I'd say that on the _political-economic_ level (what I think is the relevant level), there are at least three differences between Marx and Keynes:
 
(1) M believed in changing capitalism by replacing it with a democratic and collectivist mode of production, whereas K was much more of a meliorist. The latter had moved leftward toward the Fabian society in his politics during the 1930s, in response to a period when alternatives to liberal capitalism (the USSR mode of production (bureaucratic socialism), fascism) were becoming extremely popular. He aimed to reform capitalism as much as possible but to save as much of the "good stuff" (not his phrase) as possible.
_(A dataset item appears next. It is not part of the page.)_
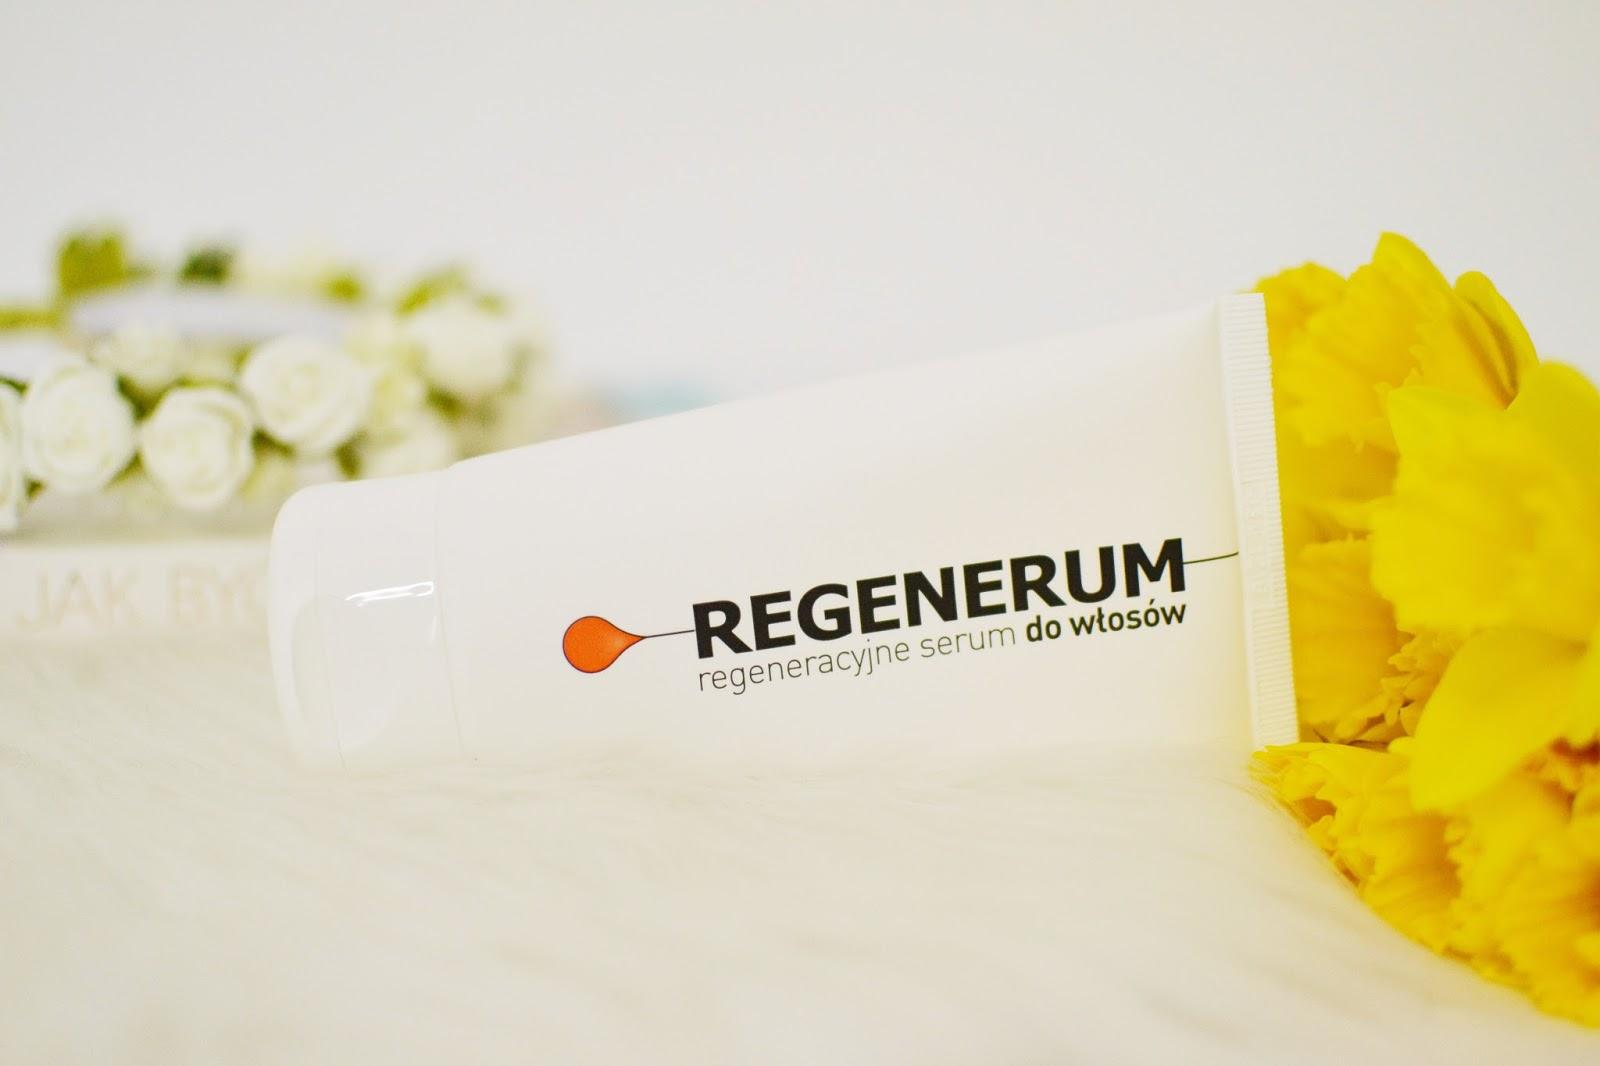 kosmetyki regenerum do włosów
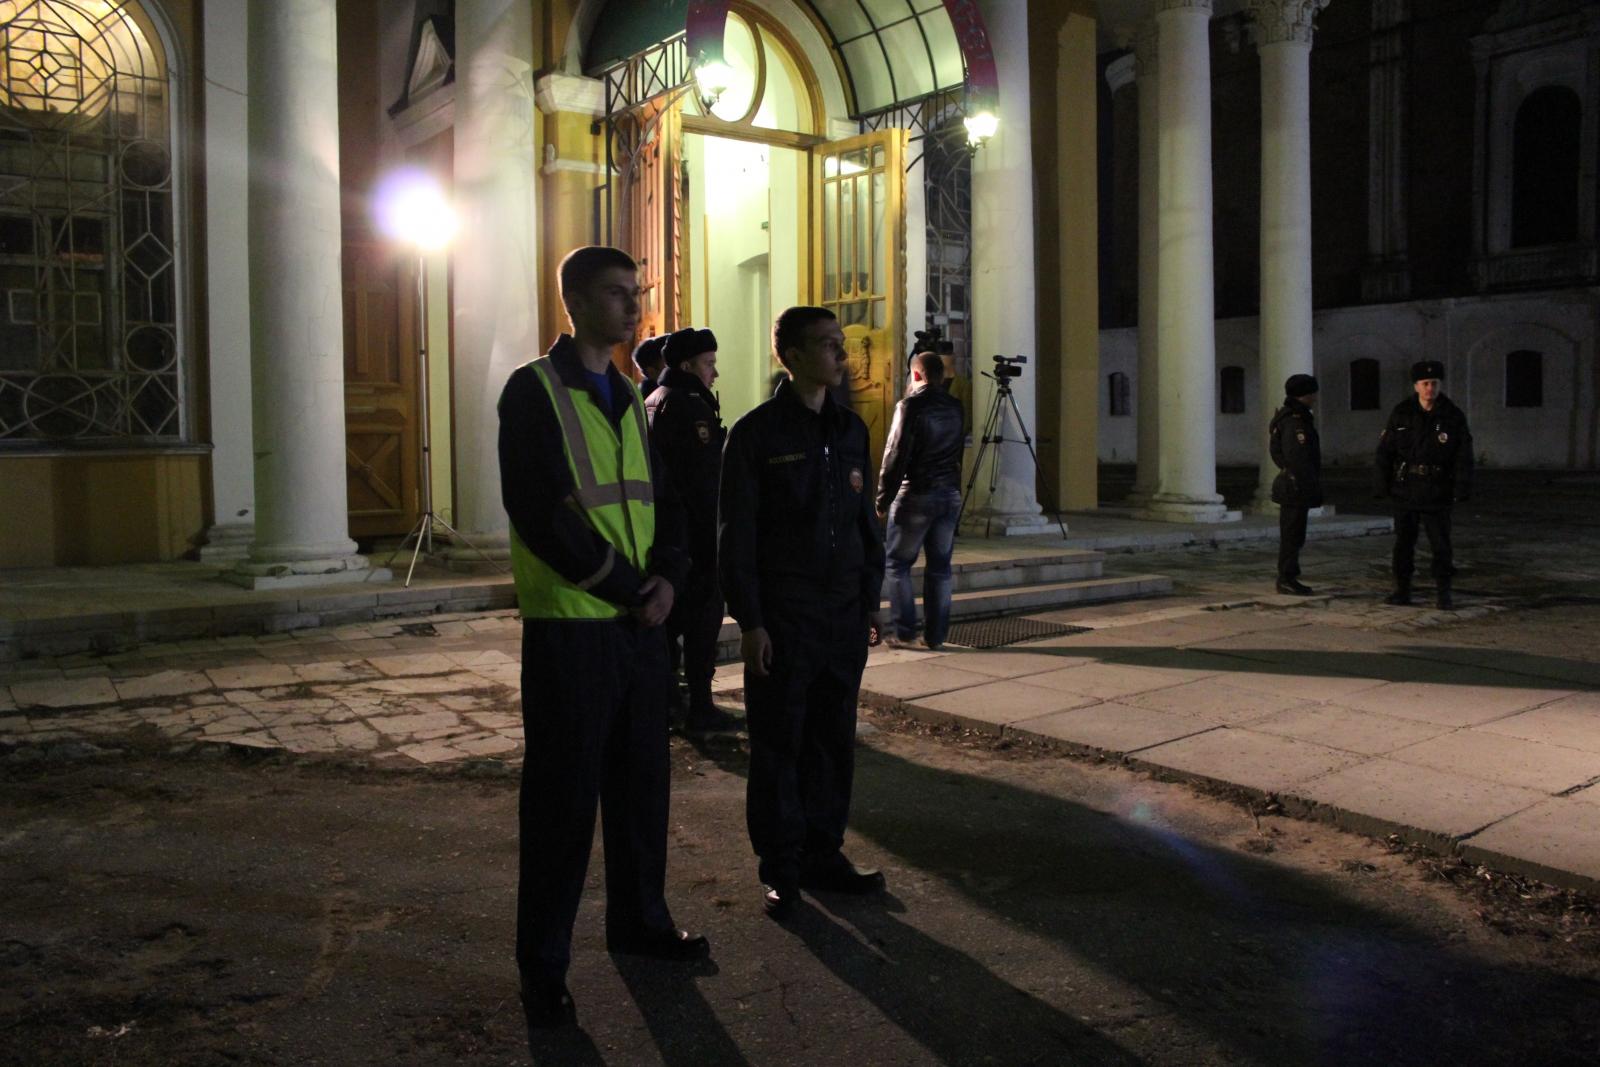 Обеспечение пожарной безопасности во время празднования Пасхи

It's not so wrong to say that K wanted to reform capitalism in order to save it.
 
(2) Whereas K wanted to get rid of the rentiers (if necessary), M wanted to get rid of the entire capitalist class. K seems akin to Saint-Simon, who included the industrial capitalists as part of the "producers" (along with the normally-defined working class) and wanted to replace the non-producers (rentiers, aristocrats, etc.) with experts. K usually is more moderate though, wanting to subordinate "speculation" to "industry" rather than getting rid of speculation altogether. On the other hand, M wanted to subordinate the experts to democratic control by the working class. 
 
Put another way, whereas K thought that (maybe) interest income could be driven to zero, M wanted to get rid of surplus-value (industrial and commercial profit, interest, land-rent). K's attitude toward interest seems akin to Henry George's attitude toward land-rent: capitalism can be improved by getting rid of it.
 
(3) Whereas K wanted a greater amount of collectivism (state control over the economic process), Marx also wanted to have strong democratic control over the state (so that eventually it would "wither away," abolishing the distinction between the people and the state). It should be noted that K seems to have praised German capitalism in the 1936 introduction to the German translation of the GENERAL THEORY. This seems to reflect his valuation of issues of "efficiency" over those of democracy. Here's the relevant quote:
 
>The theory of aggregated production, which is the point of the following book, nevertheless can be much easier adapted to the conditions of a totalitarian state [eines totalen Staates] than the theory of production and distribution of a given production put forth under conditions of free competition and a large degree of laissez-faire. < (from http://www.blancmange.net/tmh/articles/foregt.html)
 
That said, I really admire K's economics. I've learned more from him than from the vast majority of economists. Among other things he allowed the filling of a lot of holes in M's economics.